Showing posts with label Glass Creek. Show all posts
Showing posts with label Glass Creek. Show all posts

Friday, April 29, 2011

Happy Boots

April 25 2011 We got an early start with Marie arriving at 7 a.m., we were on the road at 7:10.  Driving all the way to Warner Sanctuary in Barry County Michigan.  Gas/gallon $4.14.  The first and last time we visit this sanctuary was in January of this year.


It was 50 degrees and 8:52 when we parked at the Warner parking area off Erway.  It was also raining lightly.  We didn't see much blooming here, Spring hadn't sprung here just yet.  We walked for three hours, all the way to Hart Road then turned around and walked back.  Marie did find her binoculars case that she had accidentally left here last time.

Here is Warner Sanctuary.

                                                                           Glass Pond

Trail at Warner Sanctuary

   Nice Group of Skunk Cabbage, easy to see no circles needed.
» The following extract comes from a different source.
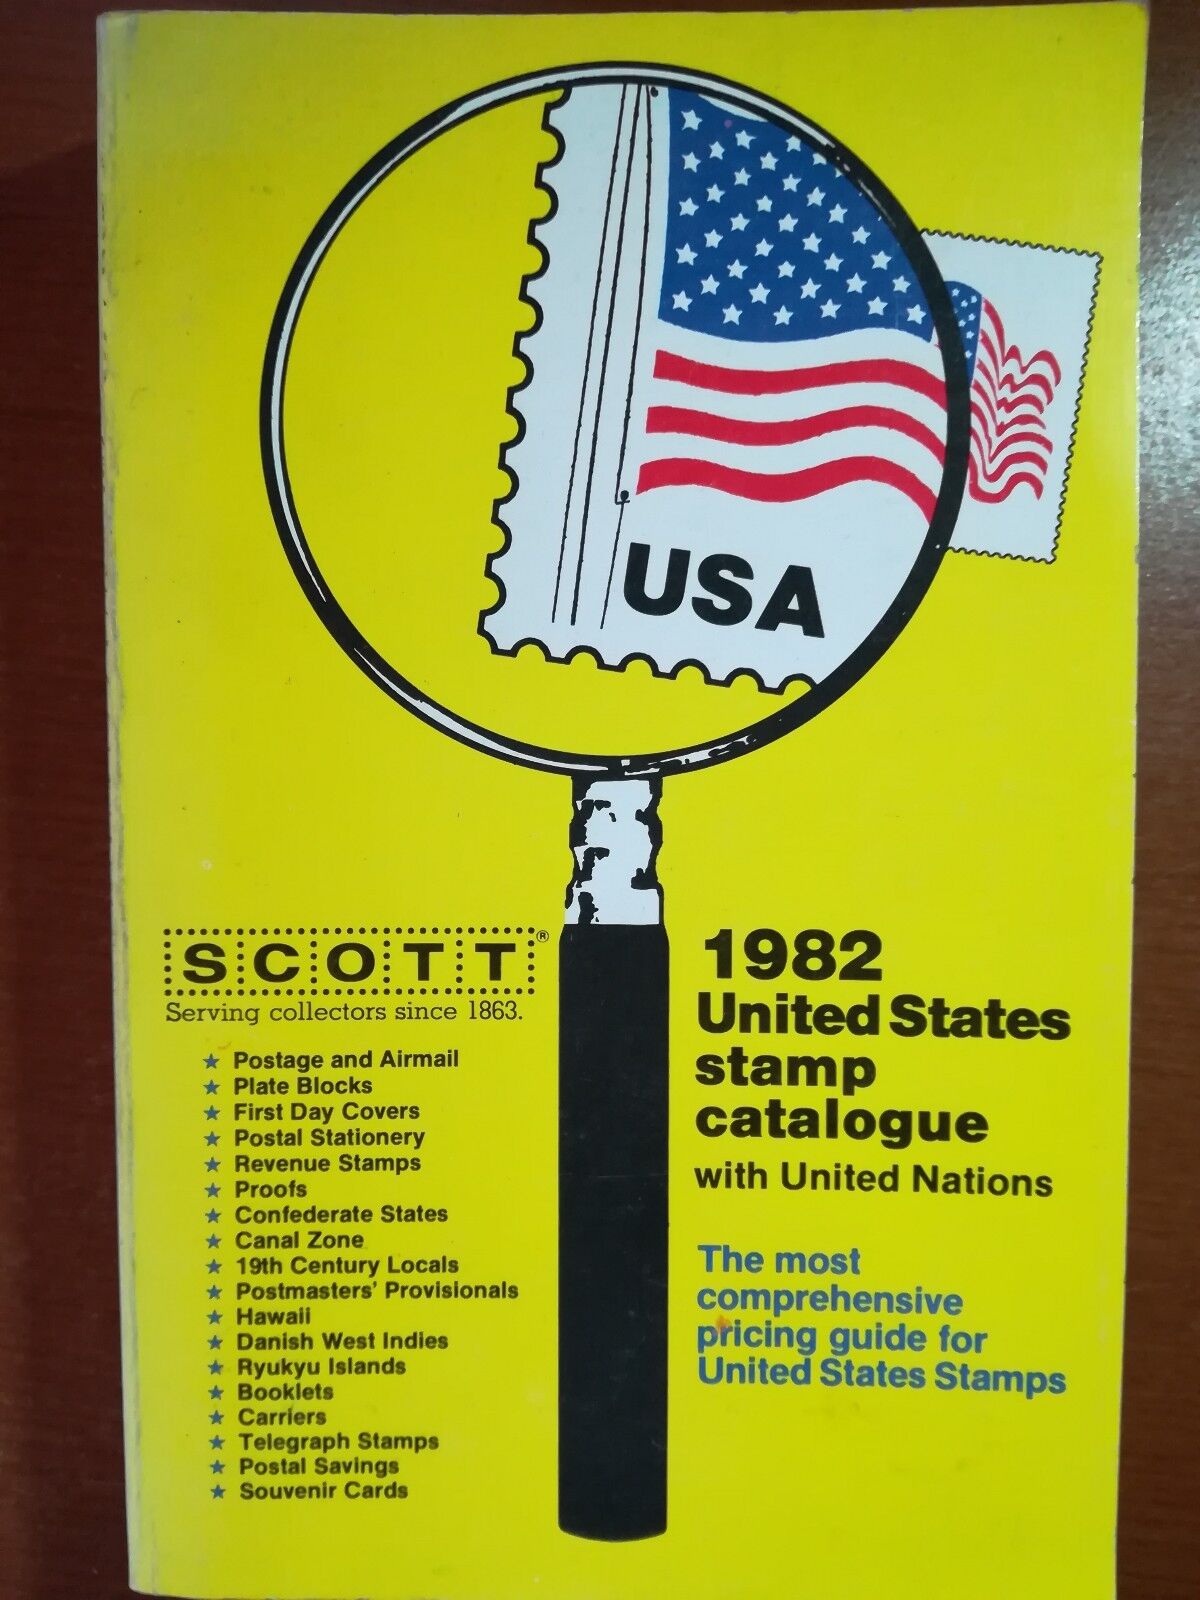 United States Stamp Catalogue - AA.VV. - Scott - 1982 - M
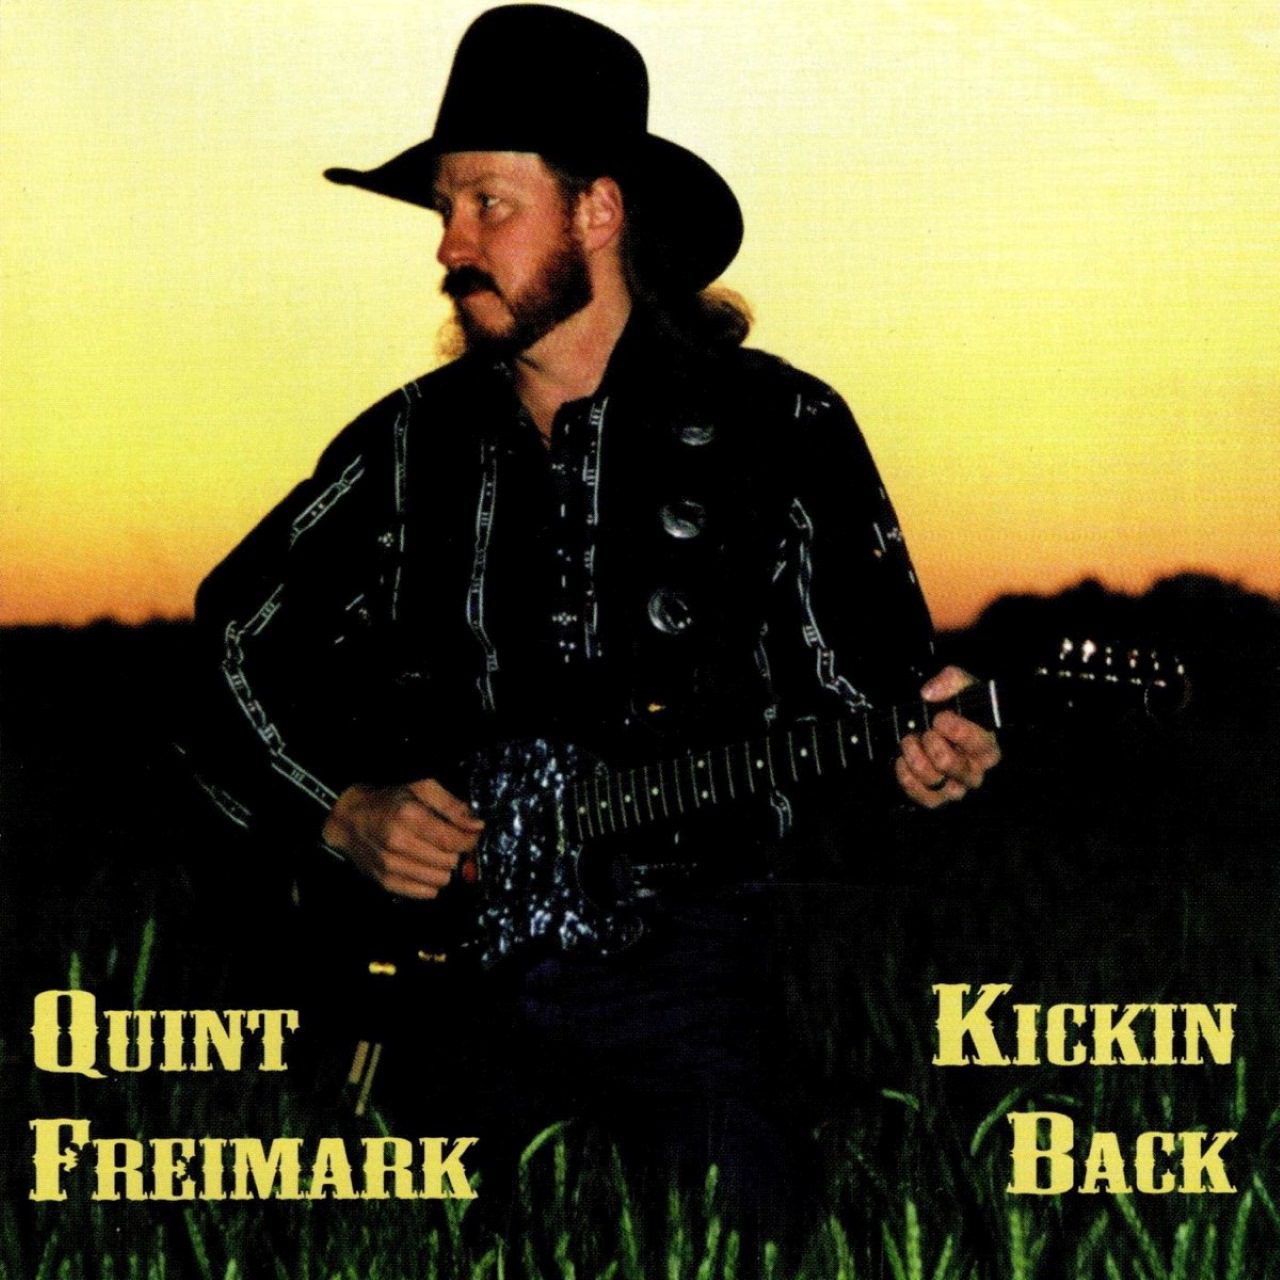 Quint Freimark – Kickin Back cover album

                                              Foot Bridge over Glass Creek

                              You want to wear boots at Warner
 Located in an area of glacial moraines, this sanctuary contains rounded ridges, seasonally flooded ponds, a stream, and lake. Most of the 108 acres is wooded and contains old-growth beech, oak and tulip trees. Large evergreens provide additional woodland habitat. The sanctuary is botanically quite diverse and includes a number of threatened and endangered plants. The sanctuary is adjacent to the Barry State Game Area Global Important Bird Area and is home to Cerulean Warblers.  This is from http://www.michiganaudubon.org/conservation/sanctuaries/index.html/title/ronald-h-warner-sanctuary.
                                    Old bridge over Glass Creek
Glass Creek

After Warner we went west into Allegan County to our favorite intersection, M-40,M-89.  Ahh nice wet woods. 
Happy boots



We could see the Marsh Marigold before we got out of the car!  Wow.

Marsh Marigold

Spring Beauty

Hispid Buttercup (Ranunculus hispidus) If I identified this one wrong let me know.

False Rue Anemone
So this was great, wildflowers blooming finally.  We saw trillium here but it had only a bud.  One more stop before home, 133rd Avenue still in Allegan County.  Here we found many spring wildflowers blooming.
White Trout Lily


Yellow Trout Lily

                                                    Yellow Violet

                                                     Spring Cress

Large-Flowered Trillium

Squirrel Corn

Dutchman's Breeches

                                                     Spring Beauty


                                               Round-lobed Hepatica                  
We left here happy, it was a good day.
133rd Avenune train bridge built in 1908


Through the Holland tunnel to home.

Thursday, January 6, 2011

ROAD TRIP!

 January 3, 2011
The snow has melted so the roads are clear and not slippery,  today we will go for a road trip!  Marie did the research and found some old bridges to check out and two Michigan Audubon sanctuaries.
Sounds like fun!
            On the road we go, heading east of Martin, Michigan.


                    Portal View of the 2nd Street Bridge (North)
This bridge is camelback style built in 1926 over the Gun River in Allegan County, Michigan.  For information on historic bridges in the US and Canada visit this interesting website. http://www.historicbridges.org/index.htm
    Some sun and blue skies, temperature around 24 degrees.
The first sanctuary we visited, Ronald Warner, had a well marked trail that took us through forests and wetlands.  Below is Glass Creek with a footbridge and boardwalks in the marshy places.  Very nice, maybe we will come here in the spring.




Just down the road a mile or so is the Robert and Mildred Otis Sanctuary.  The Michigan Audubon has a nice website with lots of information.  This should take you to the page to find sanctuaries to visit.  http://www.michiganaudubon.org/conservation/sanctuaries
If you are member of Michigan Audubon Society you may launch a canoe or kayak here on the Glass Creek, a wild tributary of the Thornapple-Grand River Watershed.  You need not be a member to stroll about the sanctuaries.
That's the Otis farmhouse, barn, and tile silo, looking back from Glass Creek.

We wandered at bit on our way home, through Dorr, and North Dorr, along here we stopped at the Dorr Township library, a friendly place.  Then right on across a tri-county confluence, the counties of Allegan, Kent, and Ottawa. 

So this day we really had an adventure and road trip, it was the first time we had been to these sanctuaries.  Unfortunately the snow started when we were south of Grand Haven and Marie had to drive back on slippery roads to Montague.  Thanks Marie for your excellent driving skills(You drove ~ 222 miles)!